If one could ever associate the primal behaviors of a pack of wild dogs with their human counterparts: I would say that as an alpha-bitch, I would need to date a top-dog. Just insuring that I’d get the crème-de-la-crème for my future offspring (physically and socially).

But however, I won’t be calling this latest tattoo dude in my collection a top-dog either. (As if! I wish I had a collection of this type anyway). With insecurity as his latest fashion, even moi, this bitch, is even more masculine than him. I felt like a butch dating a fem lesbian. And the reason why I rarely date brondong (younger guys) was that I don’t need another financial burden in the life of crazy ol’e me. As long as you can support and supply yourself with whatever you may want or need in your life then I am fine. And as long as you don’t ask these extremely delicate matters from me I’d be fine. But as you guessed it, not trying to corner him, I just wished that he’d manage his life better than today. But most of all, to be a top-dog, at least you’d have to be a top. Isn’t it?

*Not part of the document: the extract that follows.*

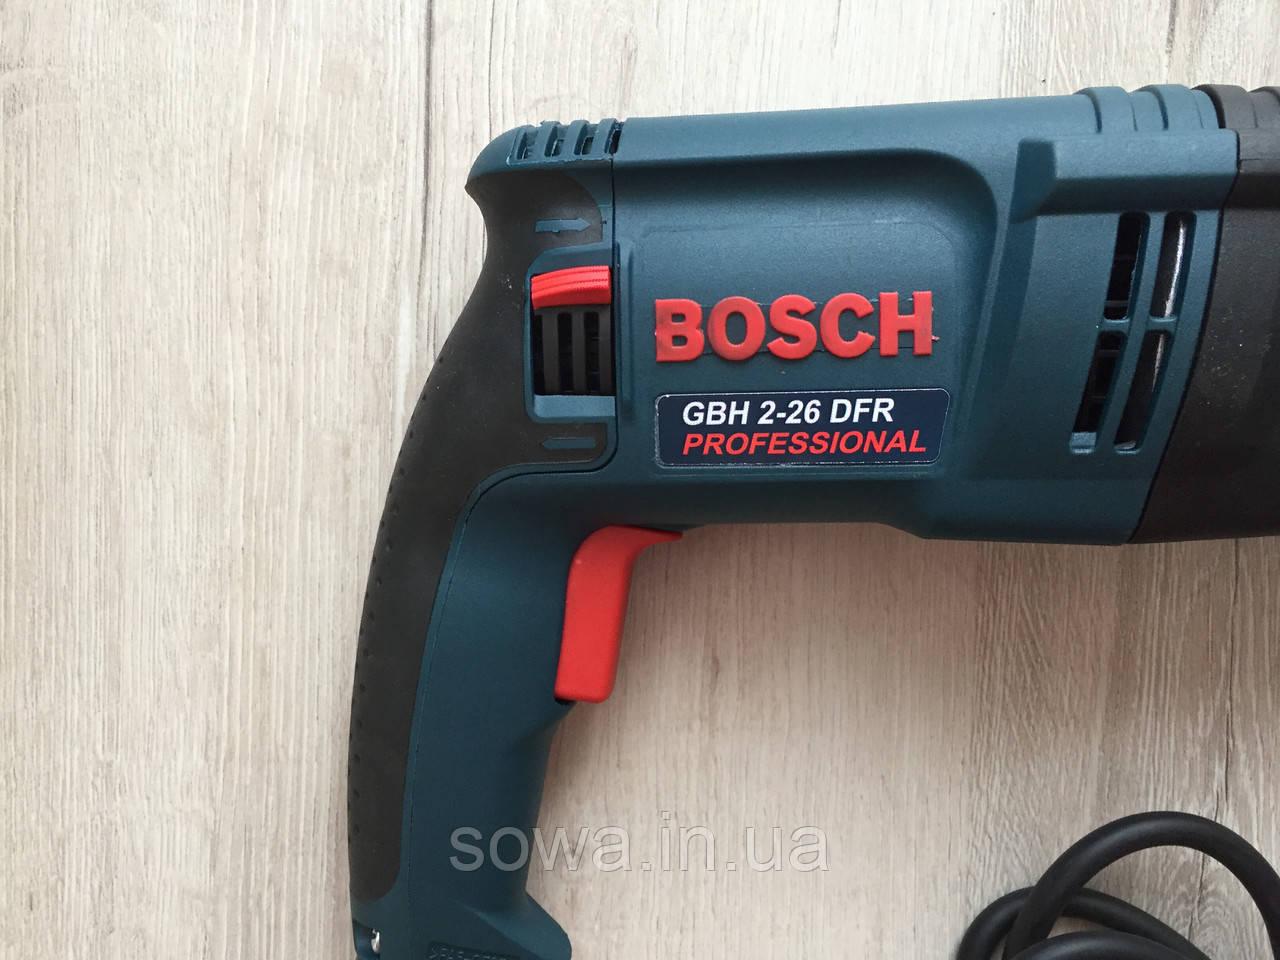 Перфоратор Bosch_ Бош GBH 2-26 DRE ( 800 Вт, 2.8 Дж, SDS-Plus ) + ПОДАРОК - фото 5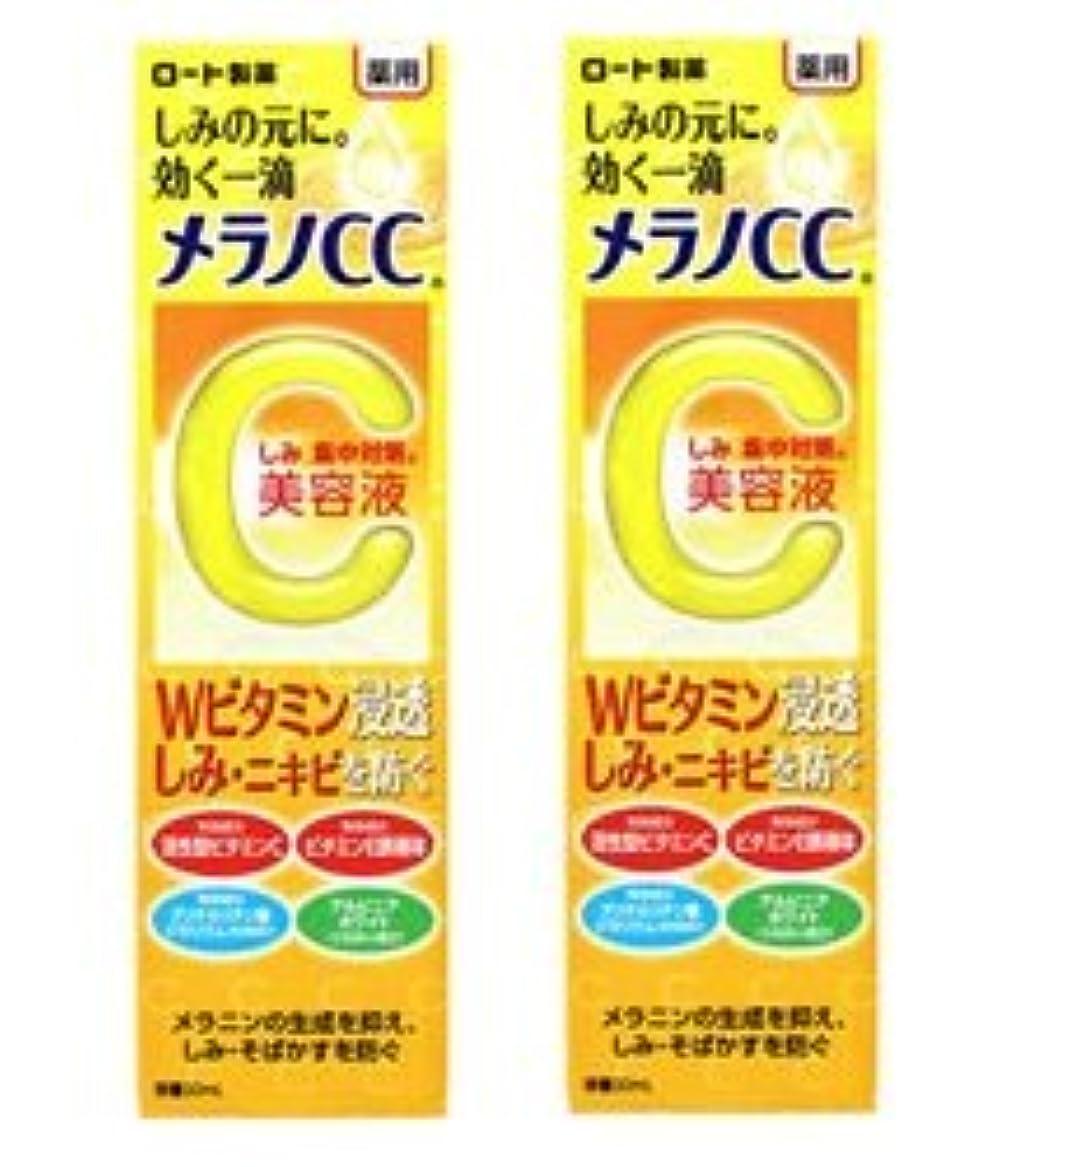 足瞑想する不純【2個セット】メラノCC 薬用しみ集中対策美容液 20ml

So when friends asked me where was I in these couple of weeks, “busy with work or with date” usually were my replies.

When one of them asked, “Oh my God this guy must be so gorgeous…”
Another friend retorted, “No…”

“He must be so hunky…”
“No…” this annoying friend replied again.

“Is he nice to hang around with? To have decent conversations?”
“No…” he kept on replying.

“Extremely rich?”
“Money can’t buy me love... And besides as a career woman, I’d get my own Valextra tote (in white) in due time when I feel like it…” this time I replied.

“Maybe he’s good in bed?”
“Dunno, haven’t test-driven him”

“For this long you haven’t tested his engines?”
“Yes.. Is that supposed to be a problem?” I asked.

“So what is it that you see in him then?”
“I dunno…” said I squeezing a civilized answer.

“Tsk, tsk, tsk. Ooh, must be the tattoos then…” they all converged in harmony.

Well well, for beauty, umm… I mean, tattoos, are only skin deep.
I am a really really shallow person then.

At least I recently managed revealing the third drawing on his body.
Tehehehehehe...

1 Comments:

Anonymous Anonymous said...

tattoos trigger the inner demons which princesses of a certain comfort level find so hard to resist. confront your demons, confront your demons, confront them!!!